There were several limitations to this study. First, disease activity parameters such as BASDAI or ASDAS were not retrieved since related information was not properly recorded in the medical records. Therefore, the overall disease activity status of the included patients could not be estimated. Second, this study did not stratify included patients according to age, sex, disease activity or disease duration. We could not rule out the possibility that there was a certain distribution pattern of lesions in a specific subset of patients. Third, the study sample was relatively small. The actual distribution pattern might be revealed under a bigger study sample. Fourth, given the fact that this was a cross-sectional study, we did not investigate the effect of therapy, especially bDMARDs, on the distribution of lesions in the SIJs.

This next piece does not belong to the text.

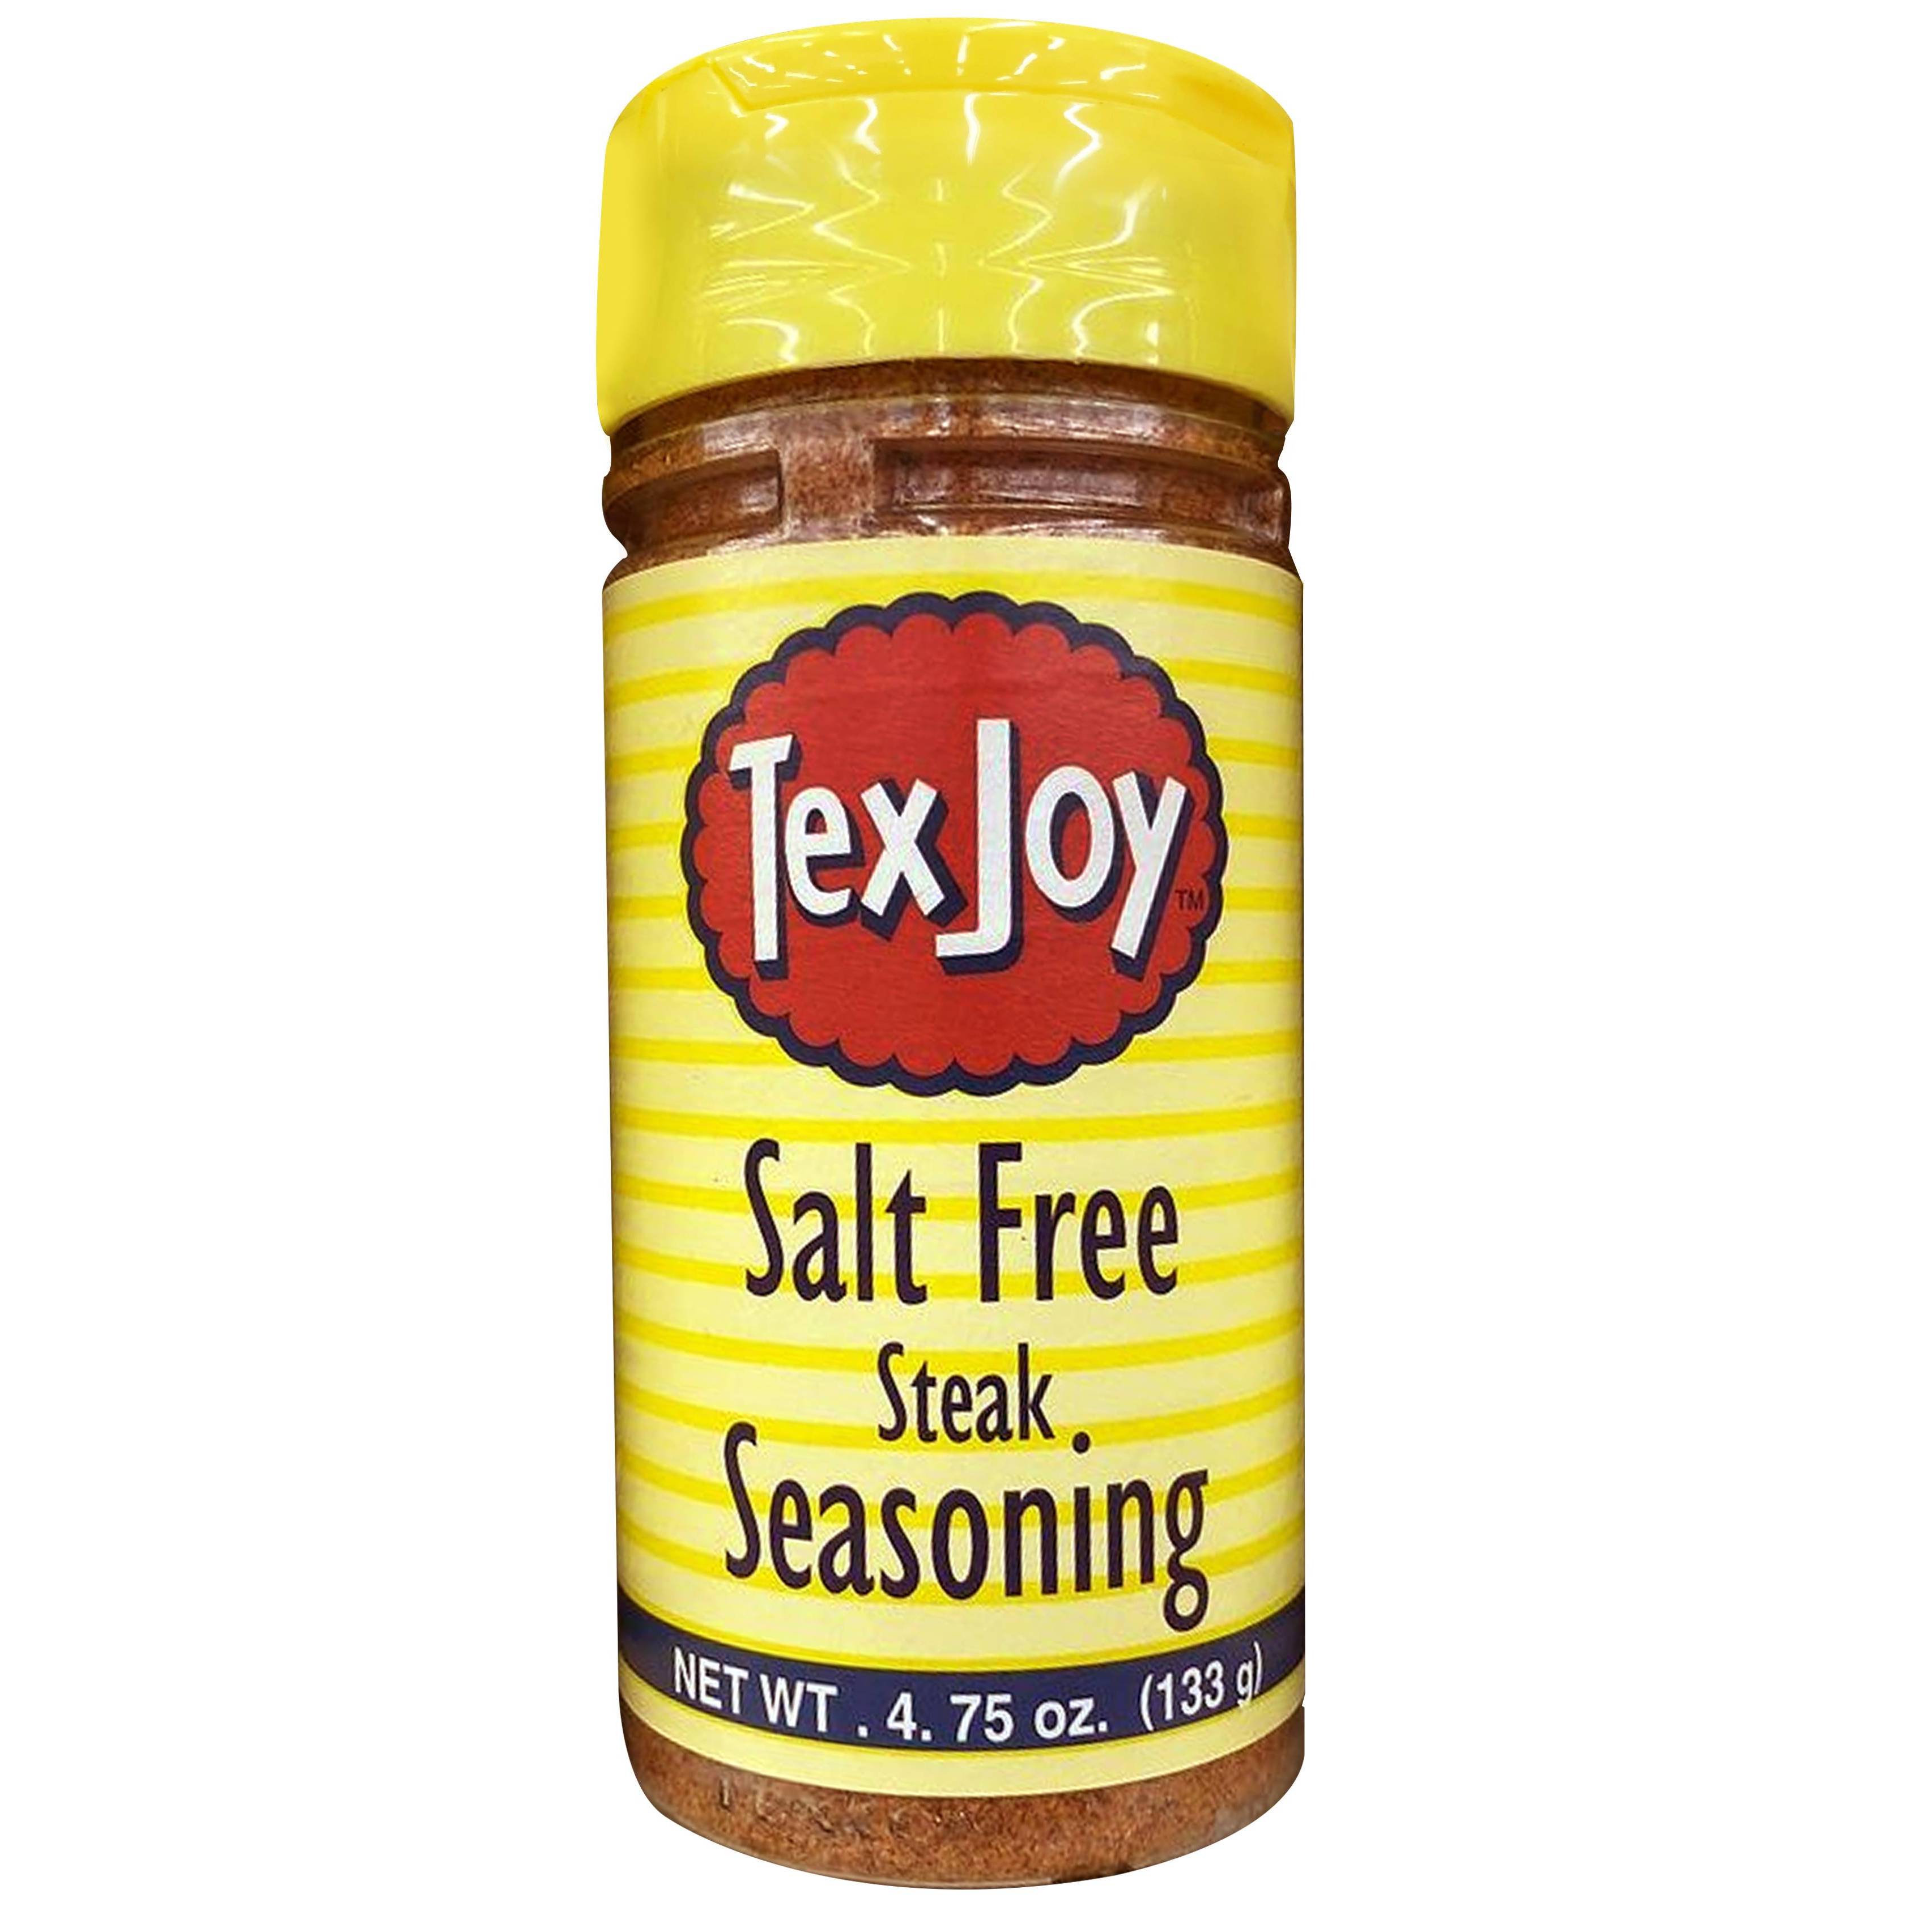 http://www.texjoy.com/Shared/Images/Product/Steak-Seasoning-Salt-Free-4-75-oz/SaltFree-StkSeasoning.jpg

In conclusion, the acute and chronic lesions in the SIJs in patients with axSpA were evenly distributed, except that erosions were more likely to develop on the iliac sides of the SIJs. This result could be applied to examine whether the imaging modalities or the imaging parameters were faulty if a batch of images consistently showed higher signal on one side. It could also serve as circumstantial evidence that biomechanical stress was involved in the etiology of axSpA.